[[ Records provided open ]]

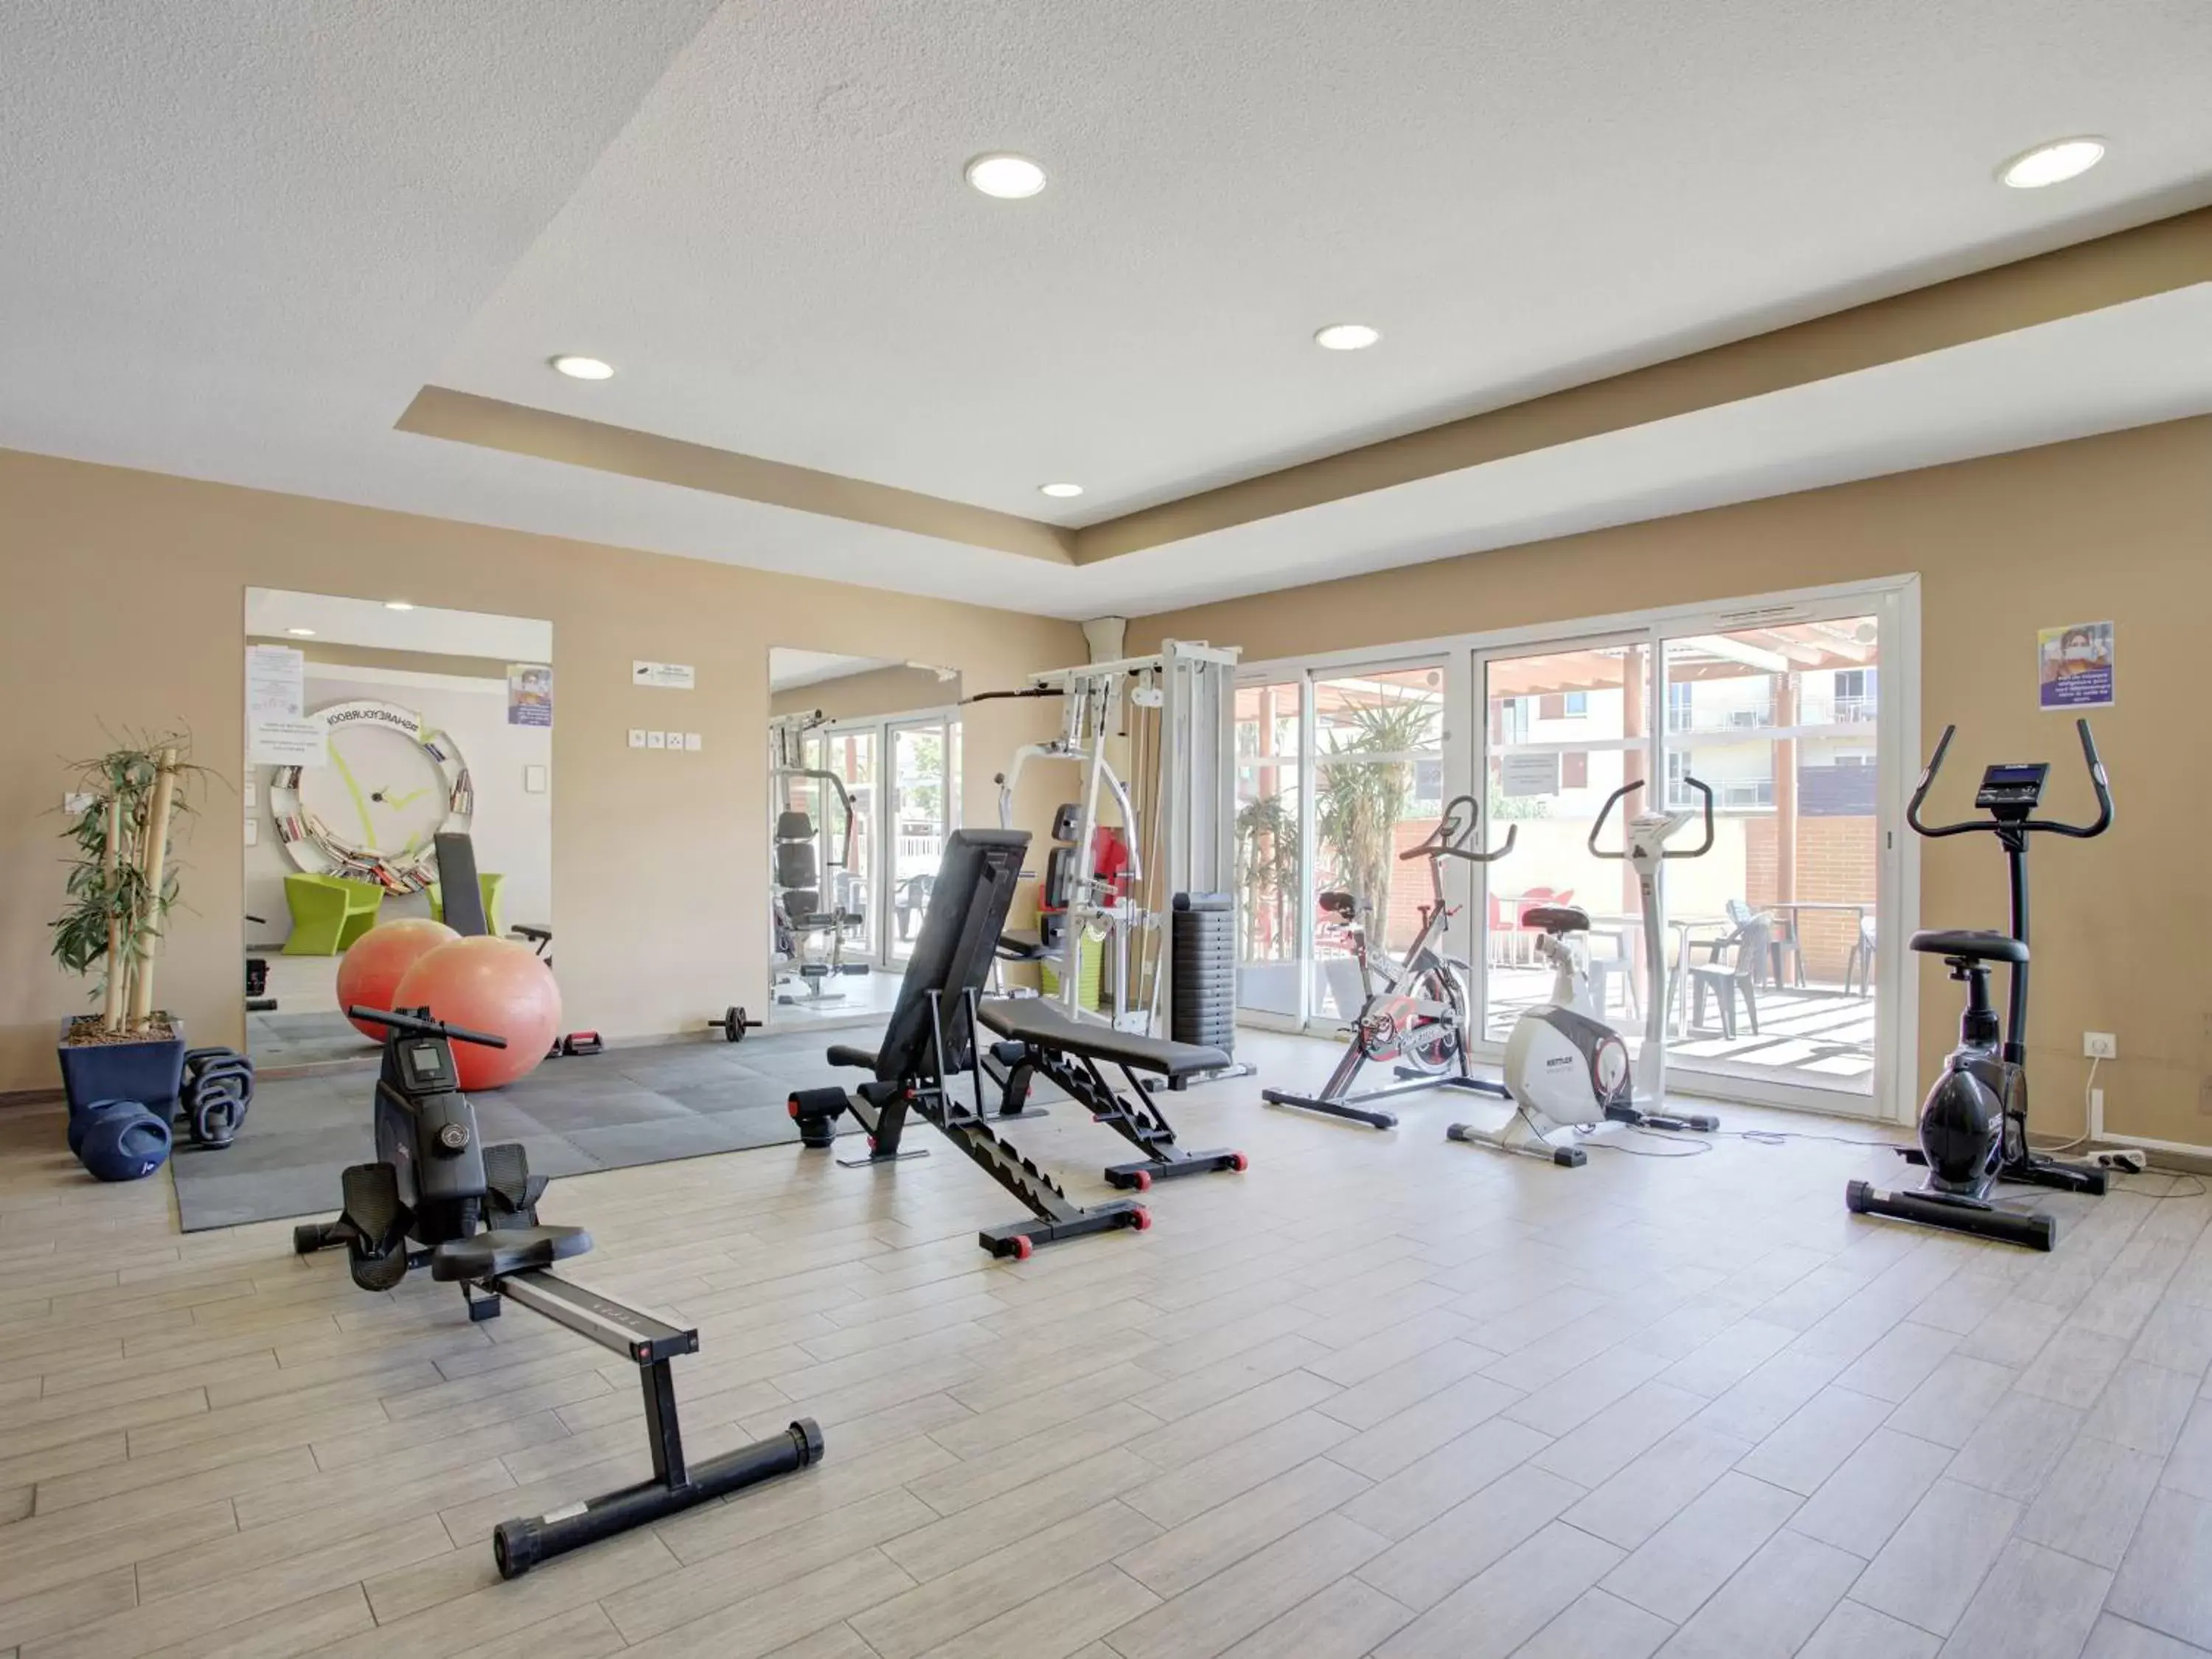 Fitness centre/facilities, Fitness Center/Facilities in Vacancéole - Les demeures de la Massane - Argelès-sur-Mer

[[ Records provided closed ]]
[[ Records provided open ]]

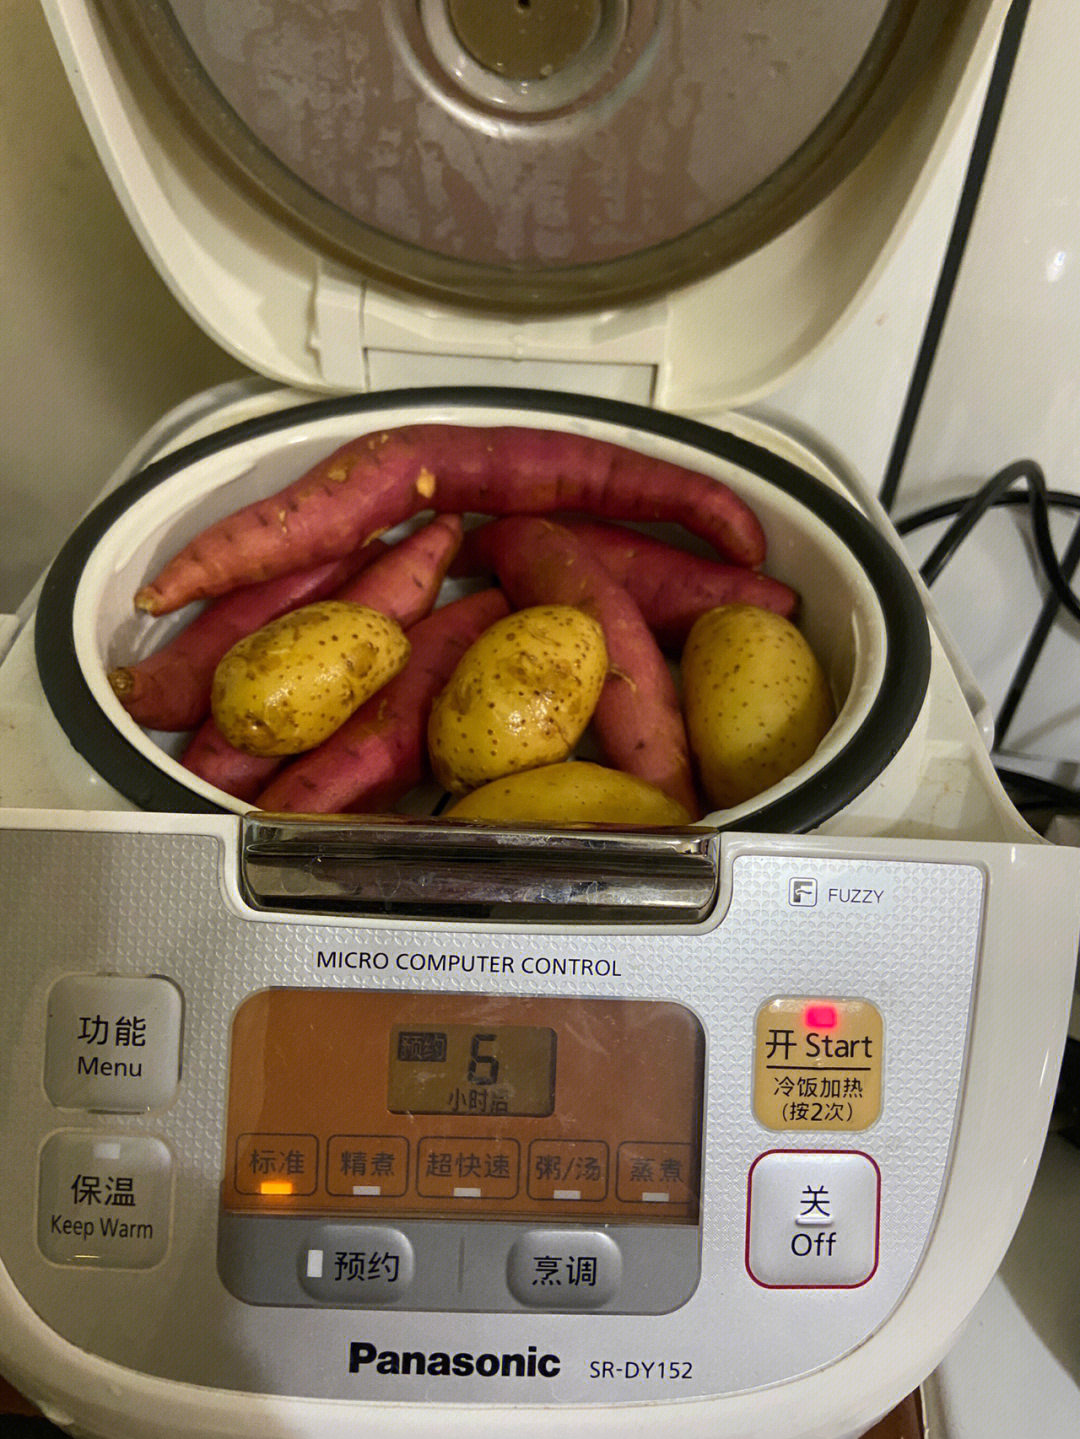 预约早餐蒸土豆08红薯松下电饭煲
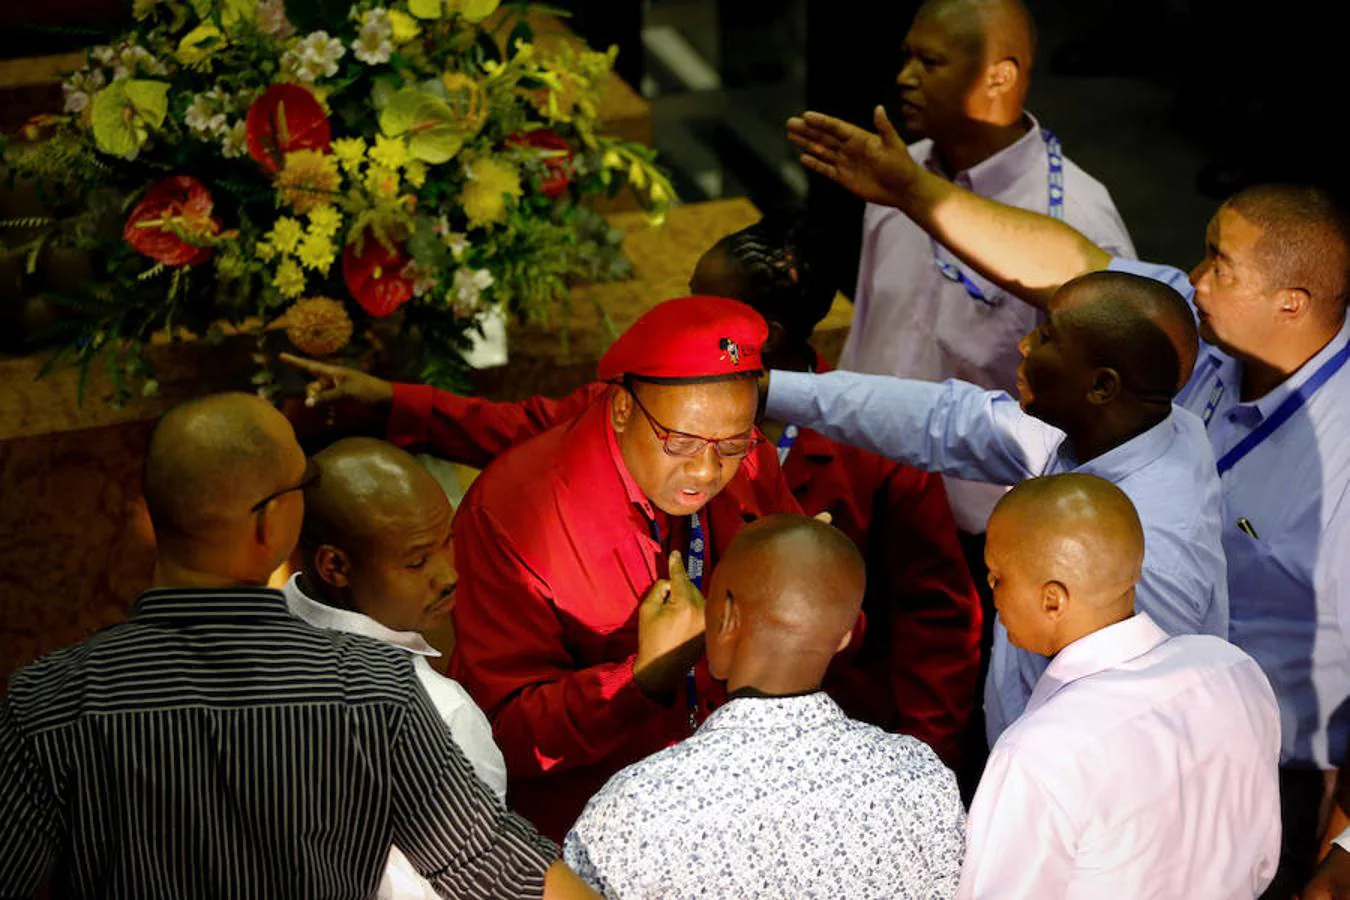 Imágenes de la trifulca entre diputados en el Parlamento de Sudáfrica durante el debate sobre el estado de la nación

[[ Records provided closed ]]
[[ Records provided open ]]

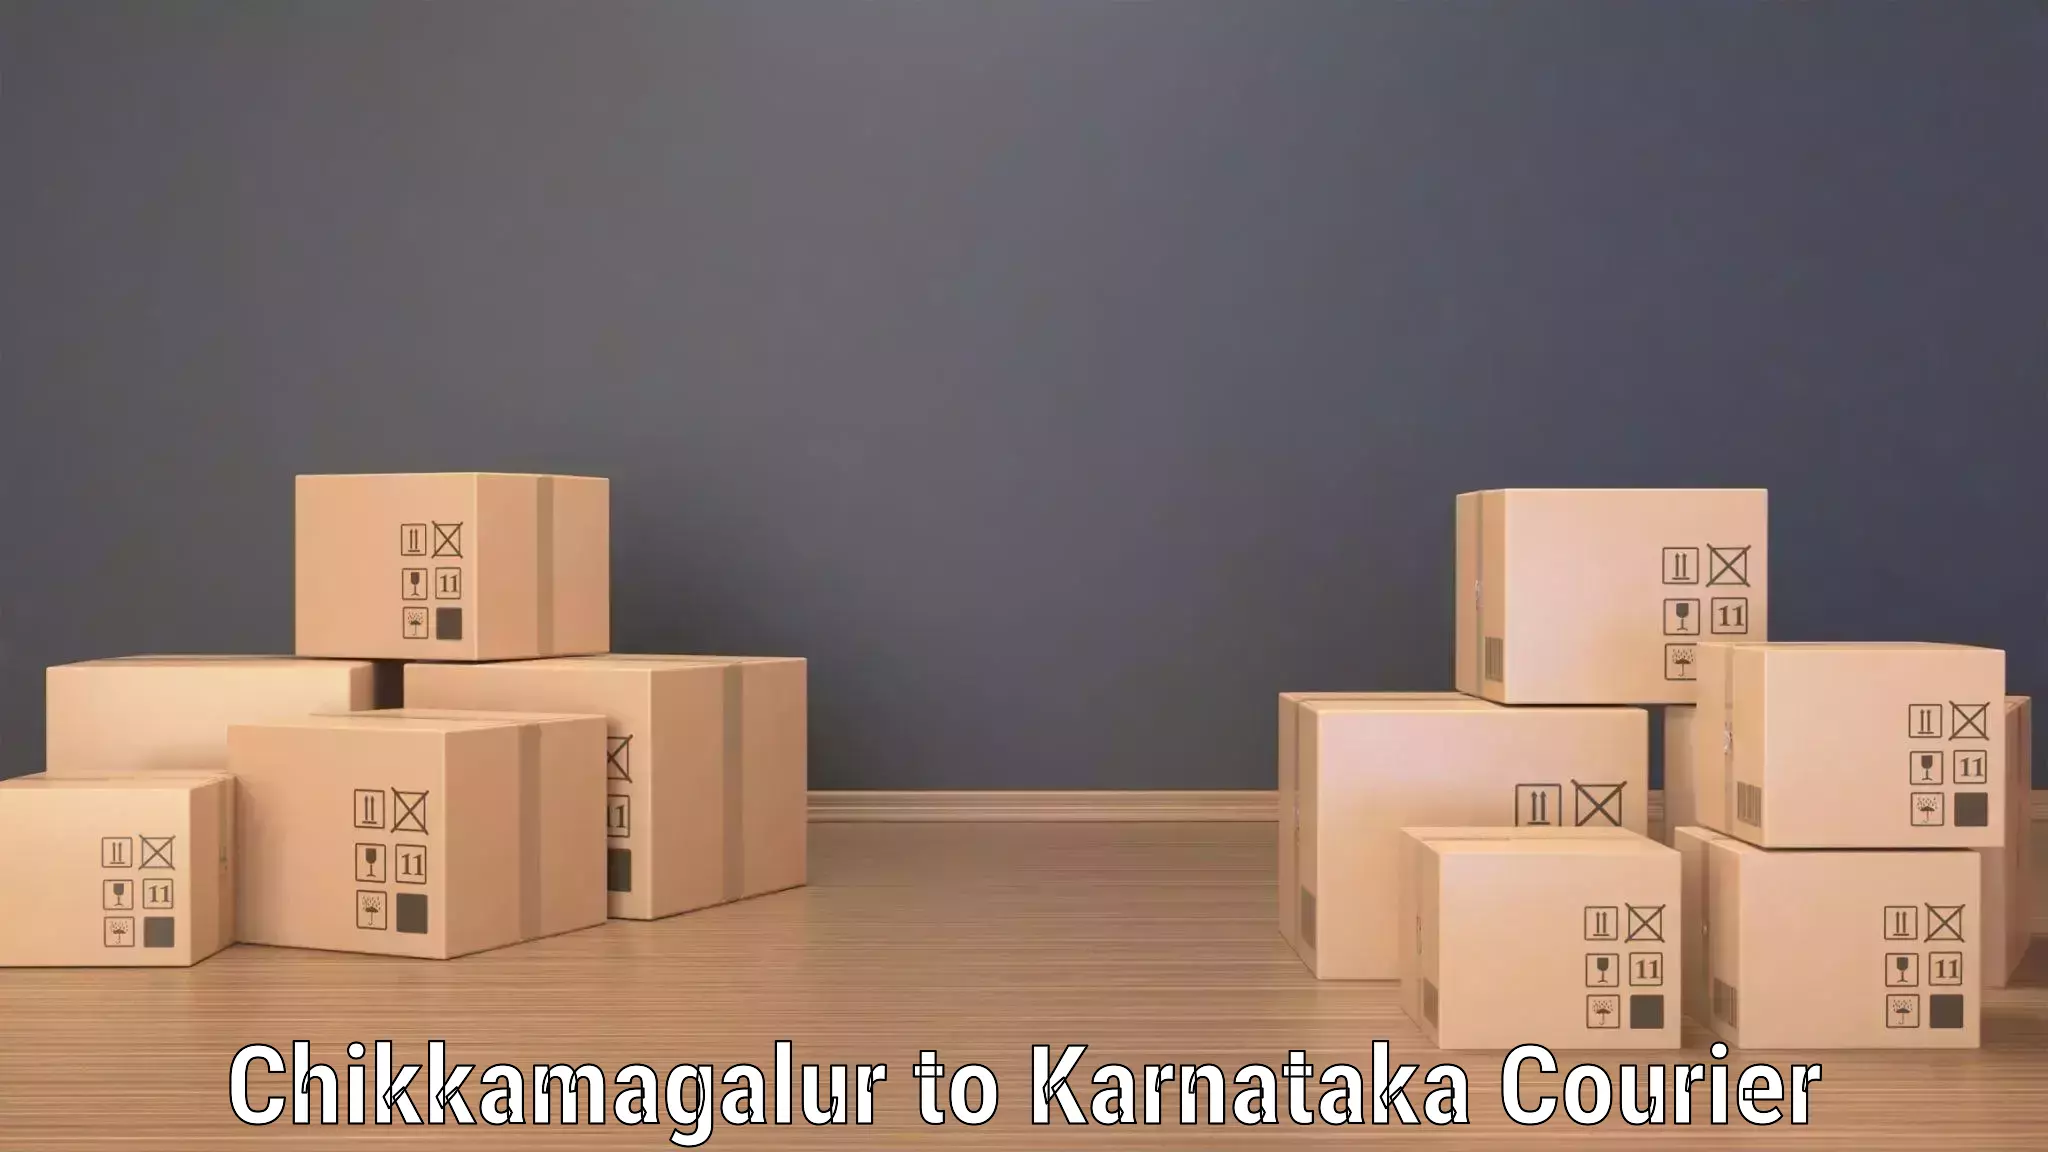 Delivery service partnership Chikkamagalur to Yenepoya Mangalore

[[ Records provided closed ]]

### What you will do
Excerpt from the records above: set down only the lines from the one that contains "预约早餐蒸土豆08红薯松下电饭煲" through the one that contains "Imágenes de la", inclusive, word for word. Pictures stay out.

### Result of this task
 预约早餐蒸土豆08红薯松下电饭煲
 Imágenes de la trifulca entre diputados en el Parlamento de Sudáfrica durante el debate sobre el estado de la nación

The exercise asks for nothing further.